In the first line, the first term is the total delay of the m + 1 congruent wire segments separating the evenly spaced m buffers, while the second term is the total delay of the buffers themselves. We compute the root of the derivative:

$$\frac{d}{dx}\partial = 2\left(\frac{c}{m+1} + c\right)x - \frac{2cL}{m+1} = 0$$
  
$$\Rightarrow x = \frac{L}{m+2}$$

Noting that this is precisely the location of the first buffer when the m+1 buffers are evenly spaced, we complete the proof.

## **5** MOSFETs (35 points)

## a) Number of silicon atoms across channel (5 points)

The density of silicon is  $2.33 \text{ g/cm}^3$  and the atomic weight is 28.0855 g/mol. That gives  $0.08296 \text{ mol/cm}^3$ , or  $5 \times 10^{22} \text{ atoms/cm}^3$ , for  $3.68 \times 10^7 \text{ atoms/cm}$ . The channel is  $0.15 \mu \text{m} \log$ , or  $1.5 \times 10^{-5} \text{ cm}$ , for 552 atoms across the channel.

#### b) Ratio of silicon to dopant in channel (5 points)

Per cm<sup>3</sup> in the p-channel region, there are  $(5 \times 10^{22} - 5 \times 10^{17})$  atoms of silicon and  $5 \times 10^{17}$  holes, for a silicon to hole ratio of  $10^5$ : 1.

<sup>&</sup>lt;sup>2</sup>This solution should look familiar to the same student as in question 3.

## c) Leakage probability (20 points)

Not yet available.

### d) Dopant concentraion in the channel (5 points)

The dopant concentration has increased by a factor of  $\frac{5 \times 10^{17}}{3 \times 10^{15}} = 167$ . The dopant concentration has been increased to maintain a low level of electron leakage across the now much shorter channel.

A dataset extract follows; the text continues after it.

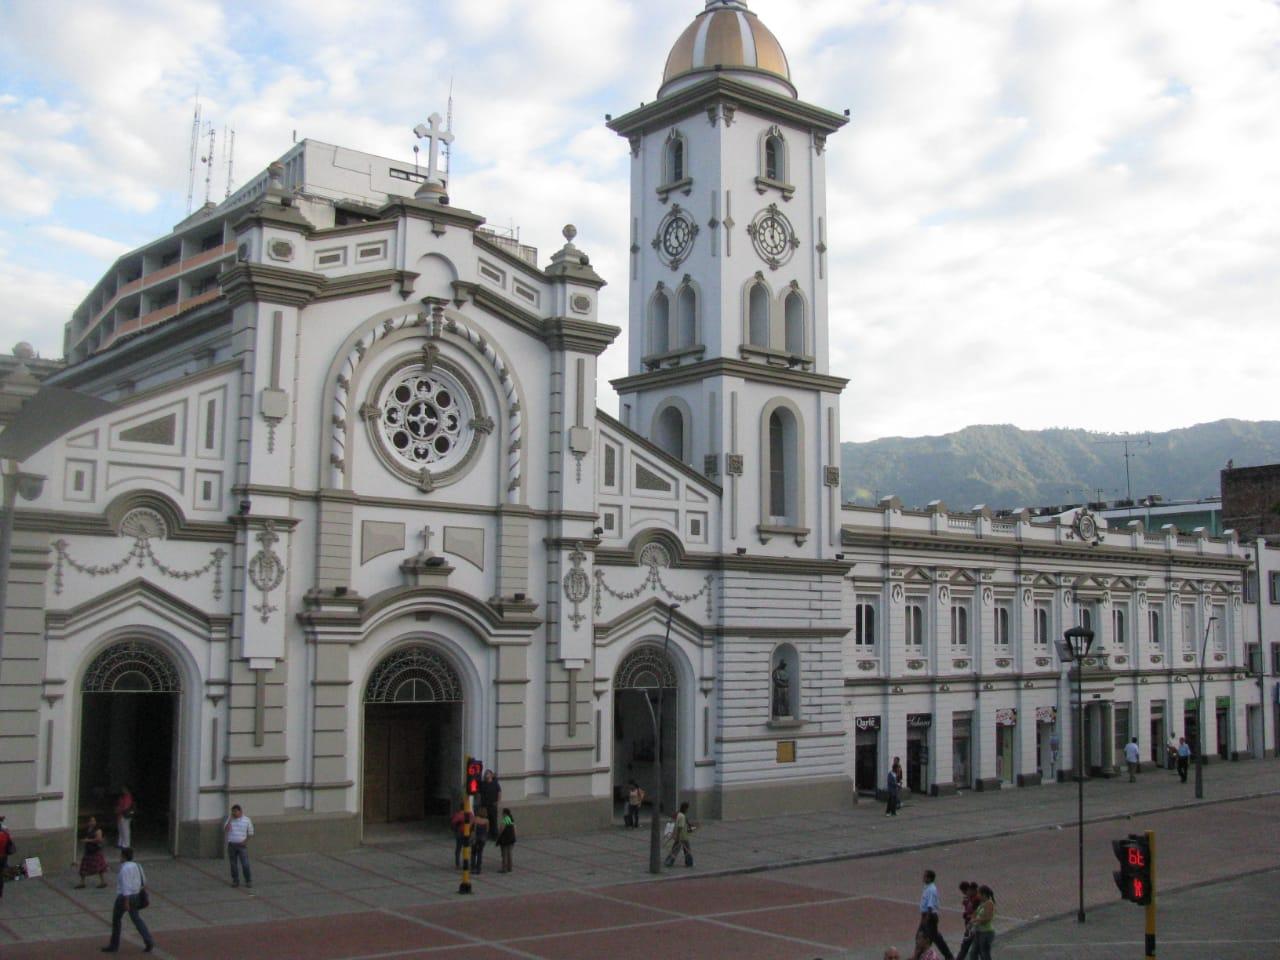 Autorizados planes piloto para la reactivar gimnasios, casinos e iglesias en Ibagué 1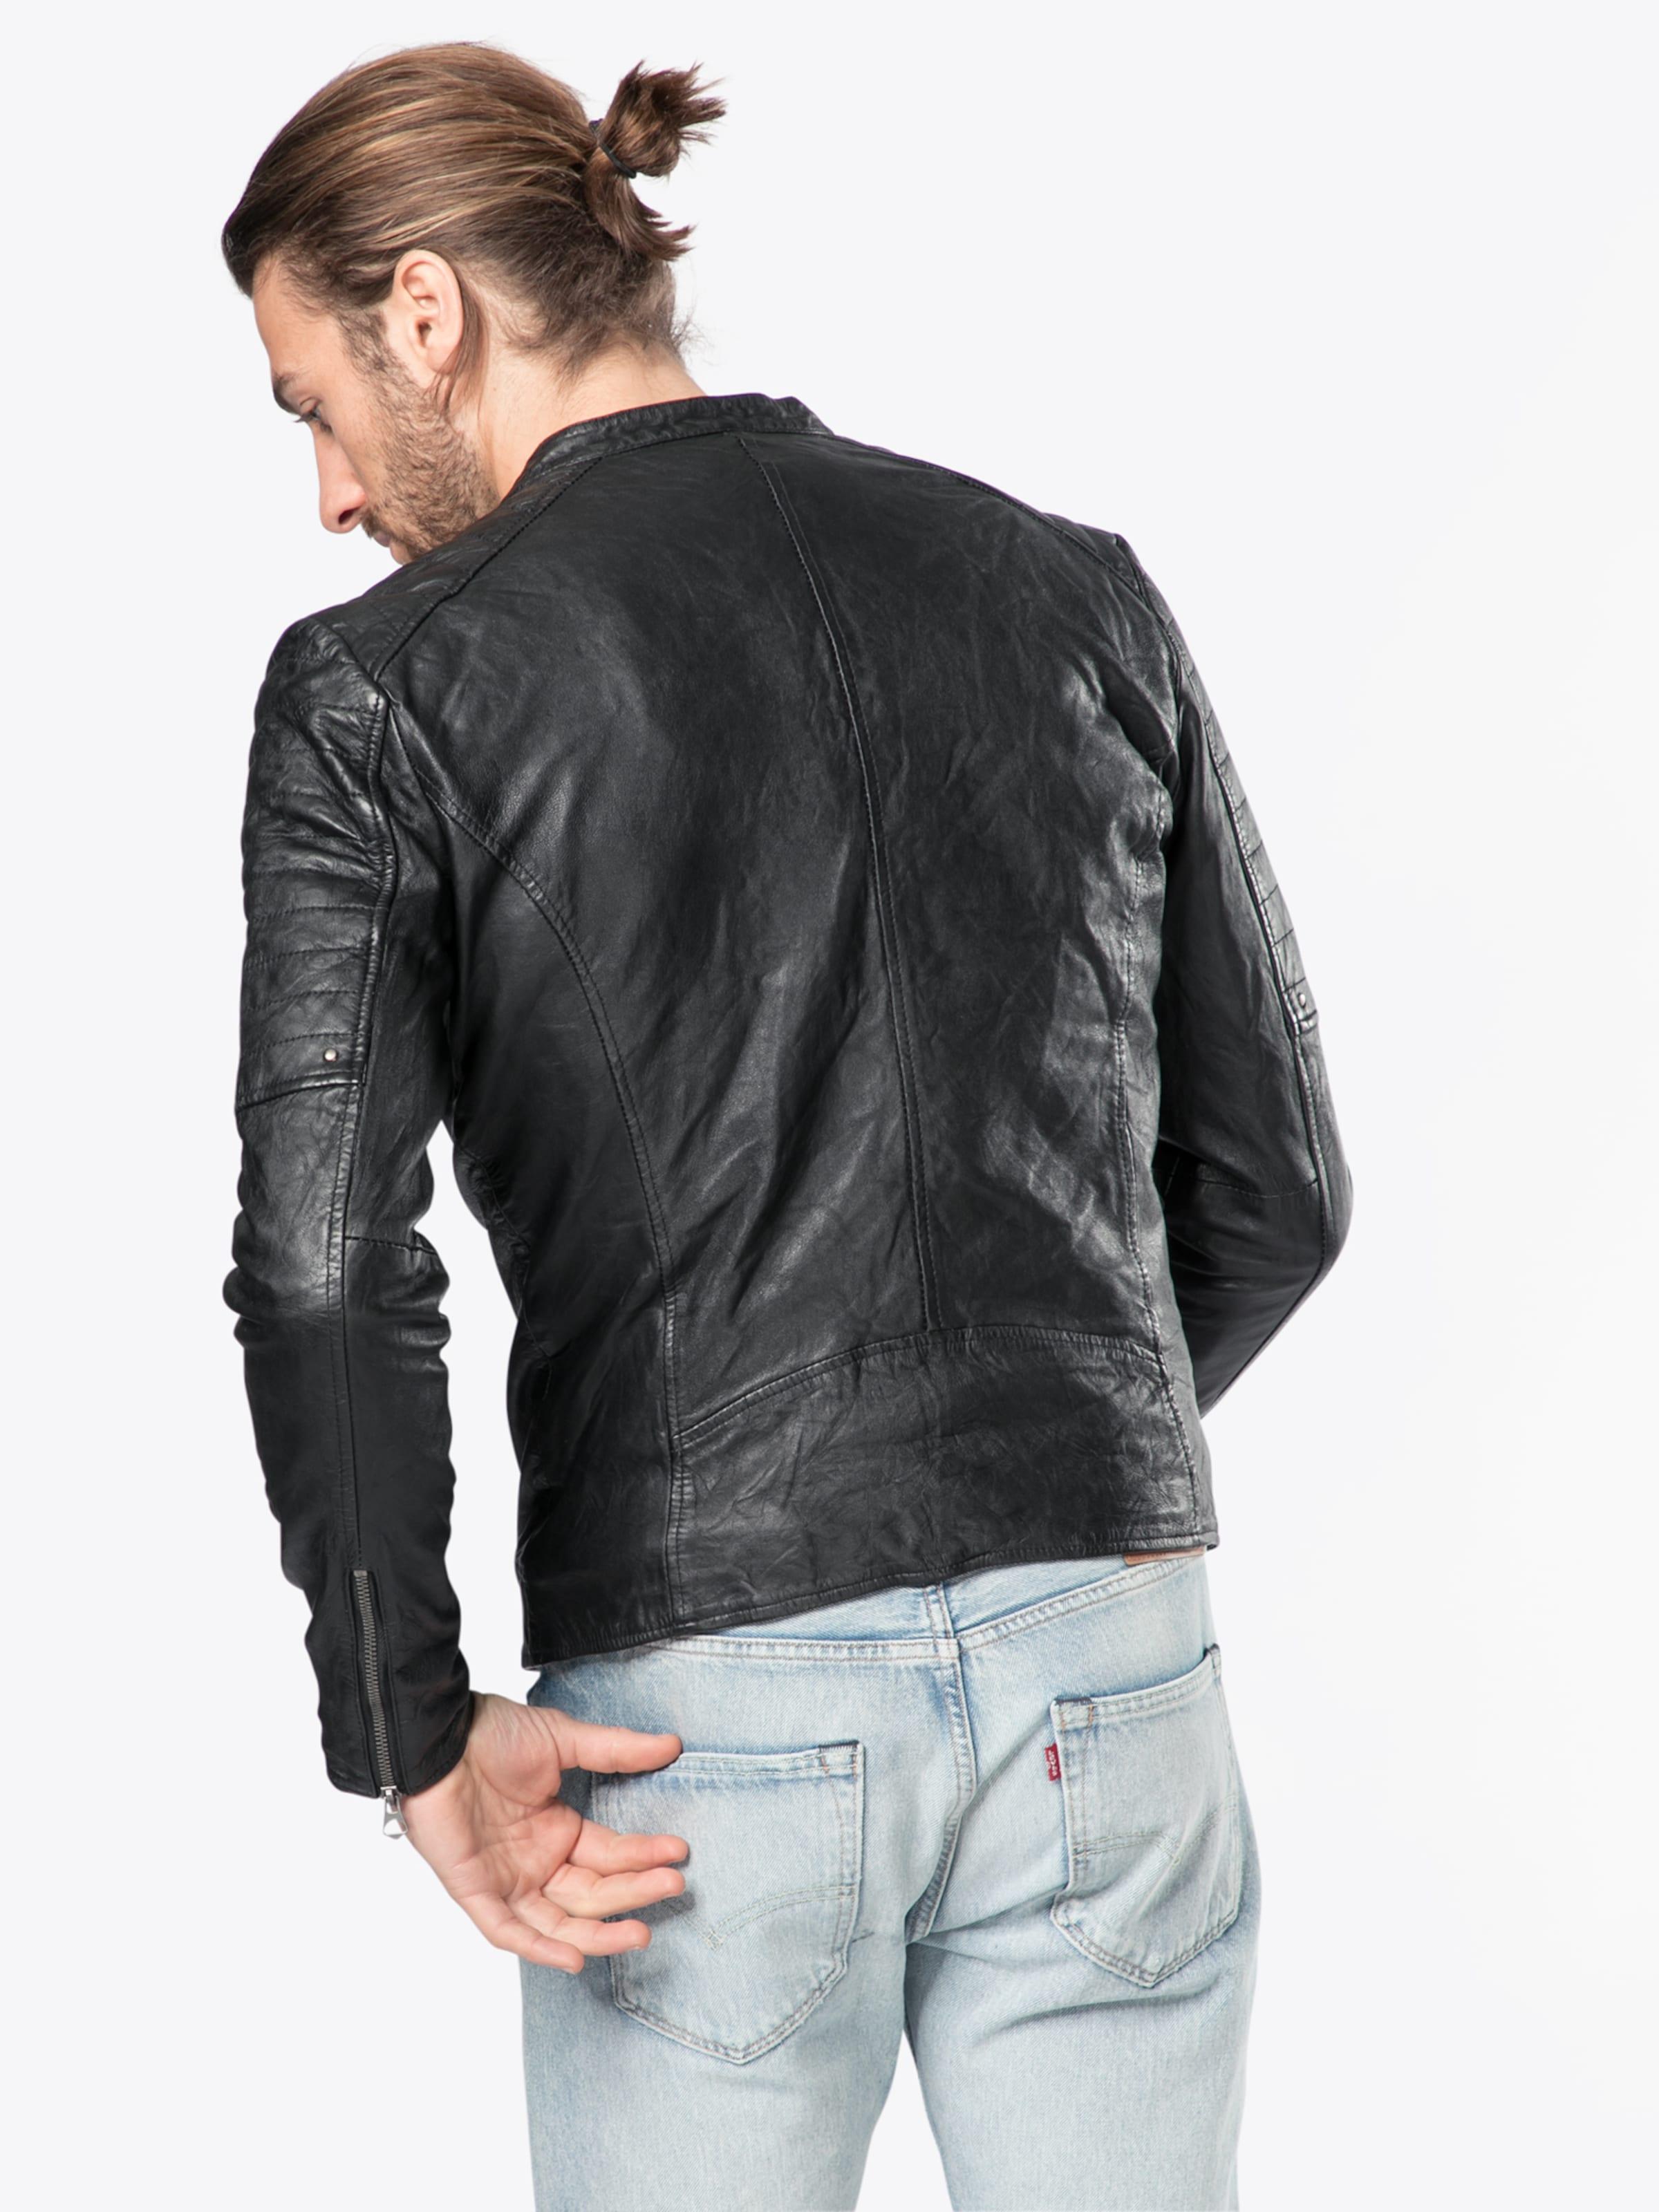 Veste Noos' Noir Lamb Leather saison Jacket Jones Jackamp; Mi 'jjvrichard En vmOn80wNPy

## e) Analytical solution to 5.e (10 points EXTRA CREDIT)

Not yet available.

## References

- [1] John Borkenhagen and Salvatore Storino. 5th generation 64-bit PowerPC-compatible processor design. http://www.rs6000.ibm.com/resource/technology/pulsar.html.
- [2] Peter N. Glaskowsky. Microsoft weighs in with x-box: Software giant to do battle with sony, sega, and nintendo. *Microprocessor Report*, 14(4):1, 8–11, April 2000.
- [3] Peter N. Glaskowsky. Pentium 4 (partially) previewed. Microprocessor Report, 14(8), August 2000.
- [4] Bert McComas. DRAM performance: Latency vs. bandwidth. http://www6.tomshardware.com/mainboard/98q3/980710/dram-02.html, July 1998.
- [5] Masaaki Oka and Msakazu Suzuoki. Designing and programming the emotion engine. *IEEE Micro*, 19(6):20–28, Nov/Dec 1999.
- [6] Canadian Statistics Population, Canada, the provinces and territories. Statistics Canada, October 2001.
- [7] The World Factbook. United States Central Intelligence Agency, 2001.